I still love building things, which is how I ended up here. I decided I wanted to make metal things, and needed tools. So I got a lathe, then a mill, read a ton, and learned how to do some of it. Lately I've started with cast kits. Really interesting to learn how to hold them securely, and get the part out of the casting. One of my kids has a lot of interest in similar areas, so I'm working with him and teaching him basics. That has taught me a ton. 
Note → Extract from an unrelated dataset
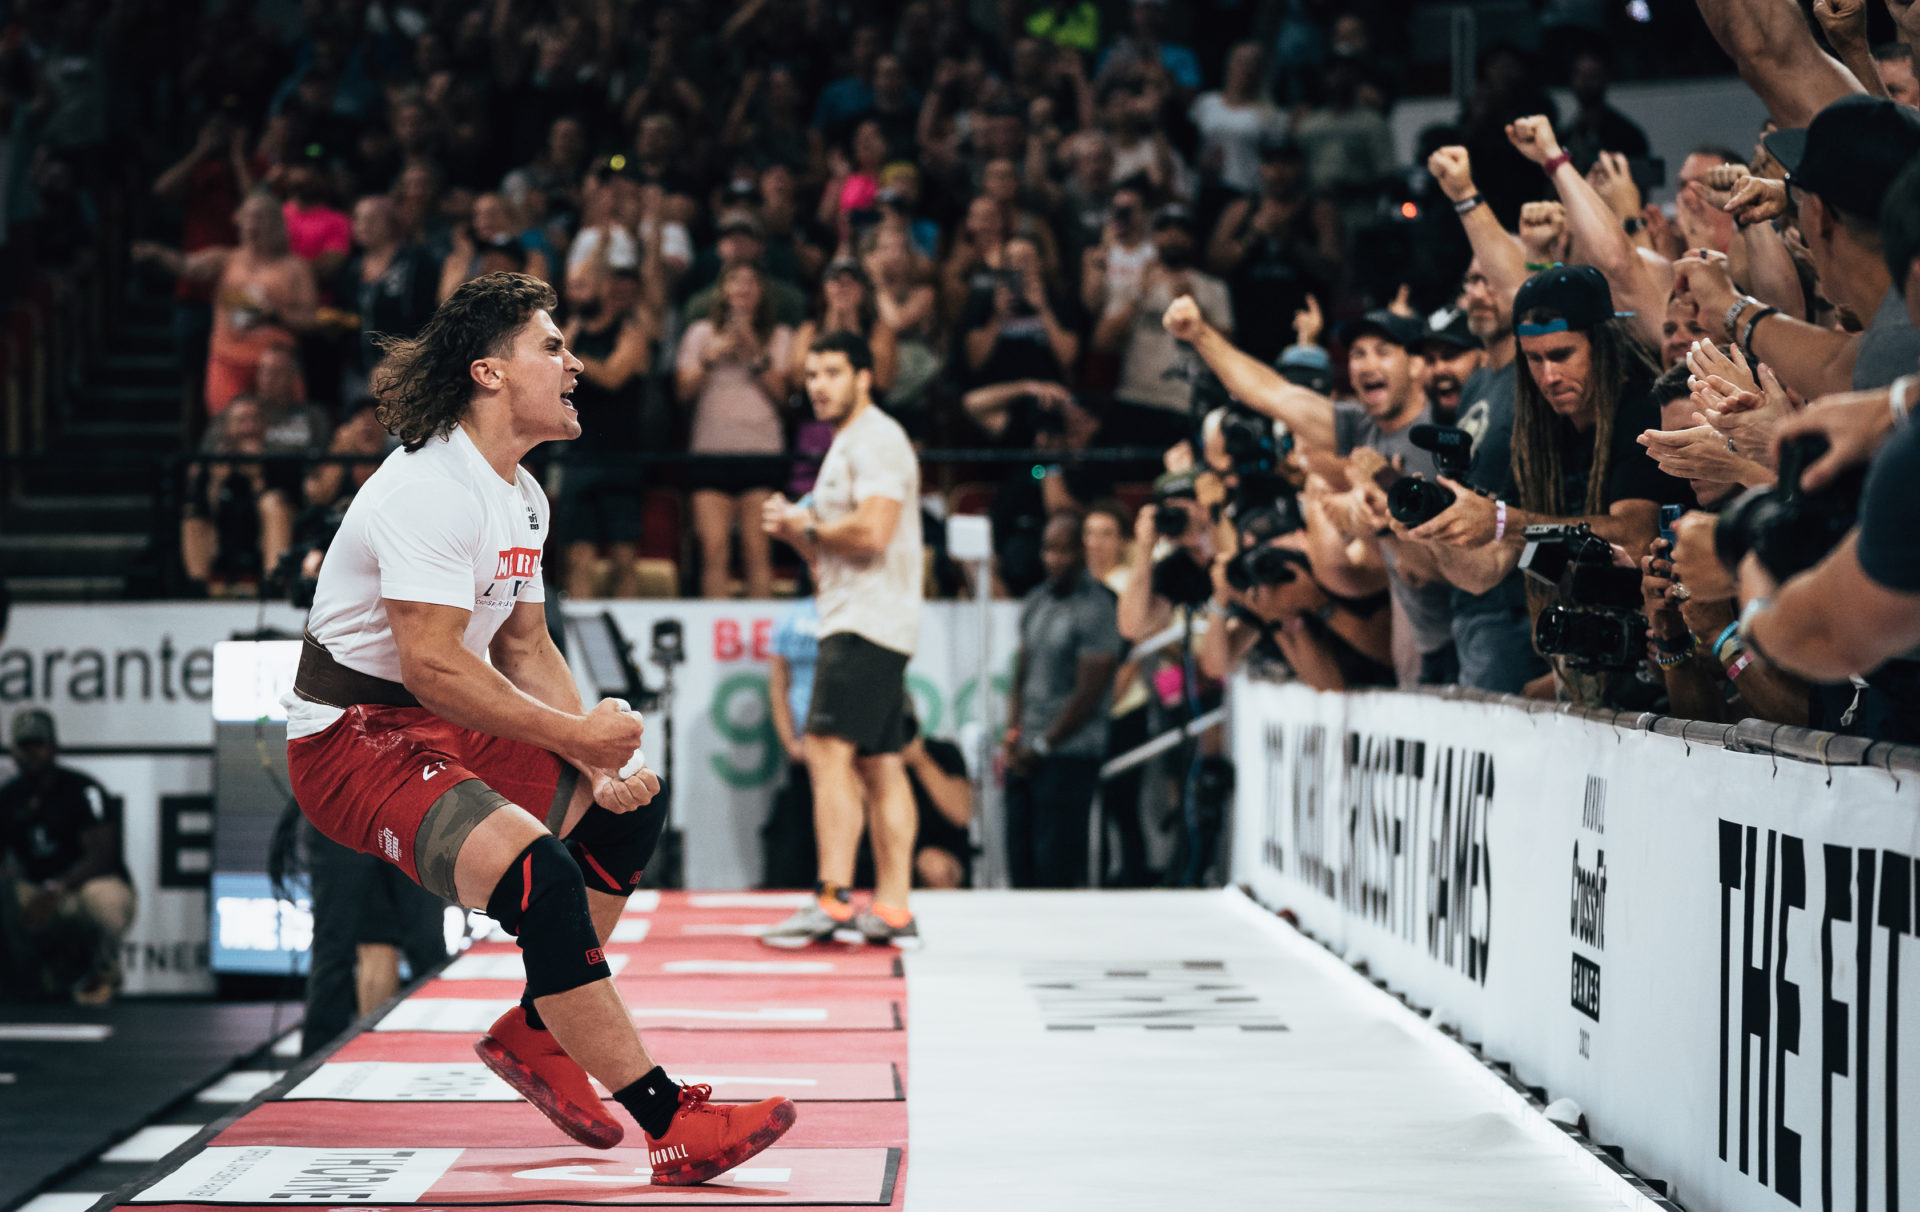 3 Events We Could Likely See At The 2023 CrossFit Games
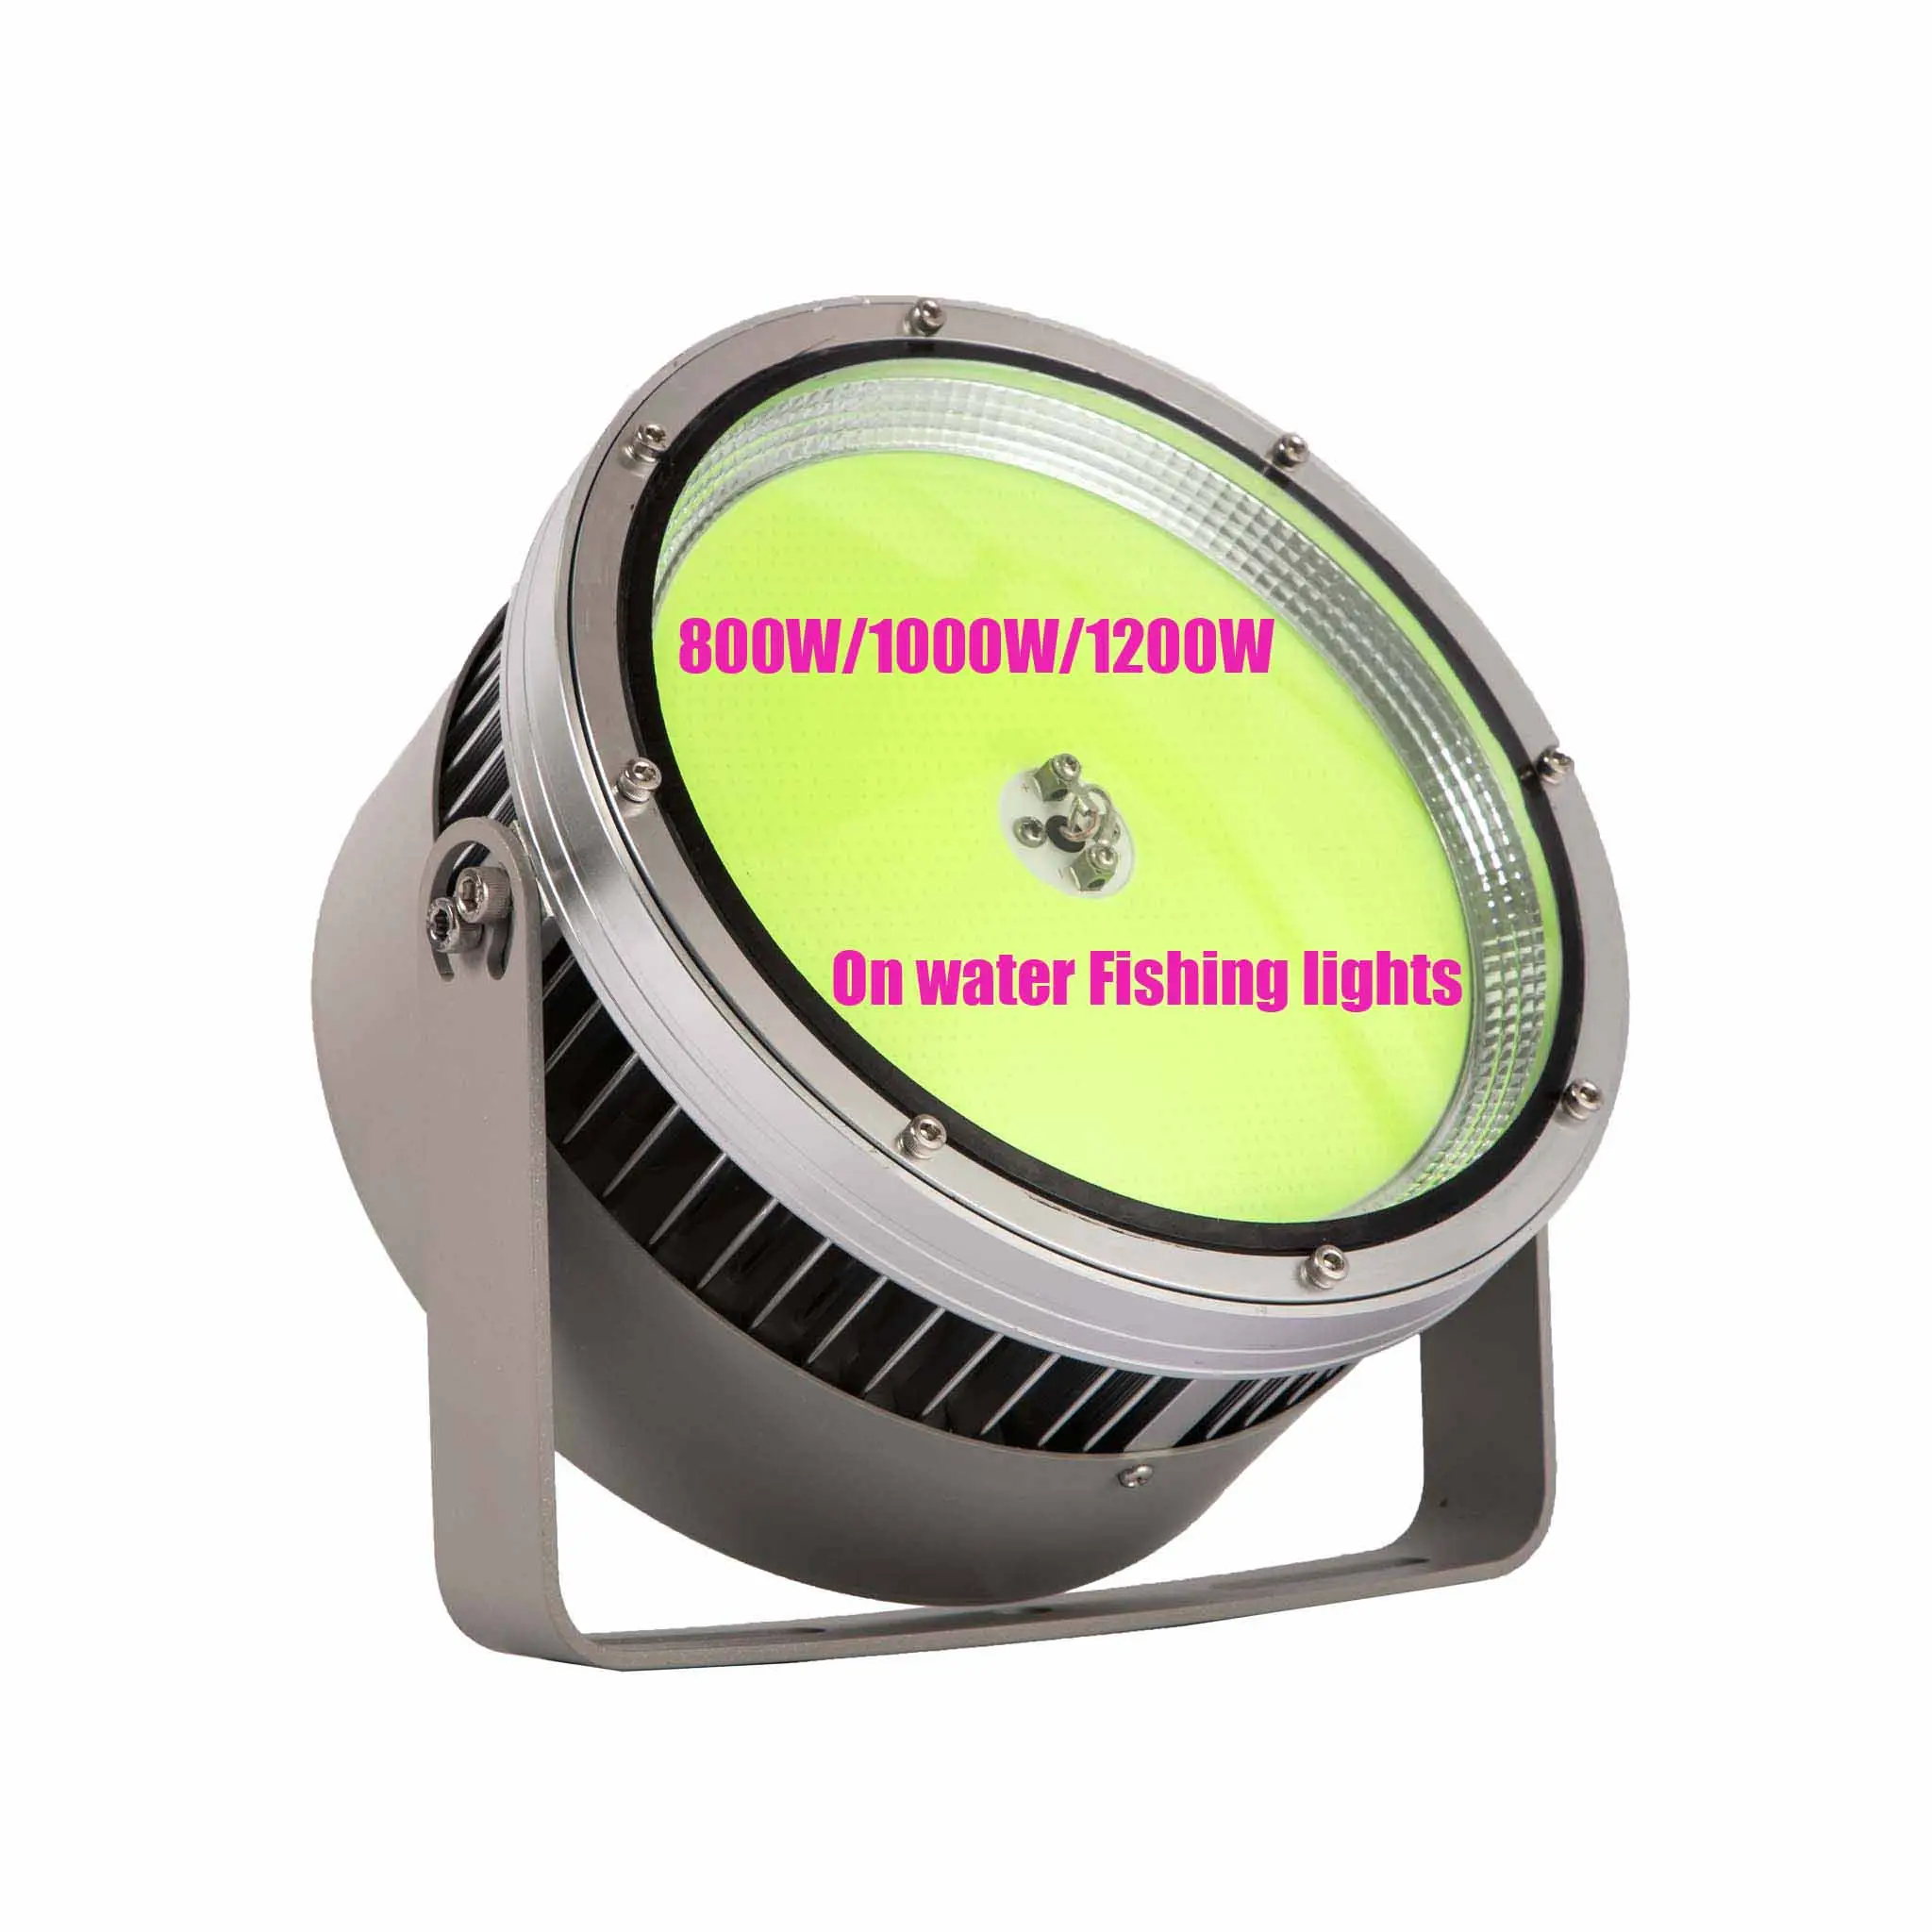 led fishing light 800w1000w1200w On Water Fishing Lights Ship Lamp Squid Attracts Lights

I think we get a lot of "maker" types around here. We like to build and fix things. And we get a few career machinists that, thankfully, are willing to help us bumbling newbies learn and show us better and safer ways to do things.


----------



## Janderso (Dec 16, 2021)

Very enjoyable reading!
One common theme, these guys are curious and have a desire to continue to learn.
I love it.
Learning about a subject you are interested in sure is easier than one you don't care about


----------



## Bi11Hudson (Dec 16, 2021)

markba633csi said:


> Start early like about age 5.  Most great musicians start early also.  That, plus about 20,000 hours will get you there
> I didn't learn Ohm's law until much later, in my late teens, but was playing with electronics well before that.  My math skills are terrible, by the way, but I didn't let that stop me


A bit of personal history comes into the story, my mother was blinded as a child. About age *3 *(I don't remember exactly, only of doing it) an uncle had given me a "goo giive", a screw driver. When my father had returned from work, he questioned "how is the baby". My mother, as a blink, commented that I had been mighty quiet the last hour or so. (guaranteed trouble) On searching, I was discovered behind a sofa with a partially dismantled receptical and cover plate on the floor. I can only speculate in retrospect that I had the receptical out of the wall but hadn't started on the wires yet. If I had gotten into the wires, I am sure it would be more memorable.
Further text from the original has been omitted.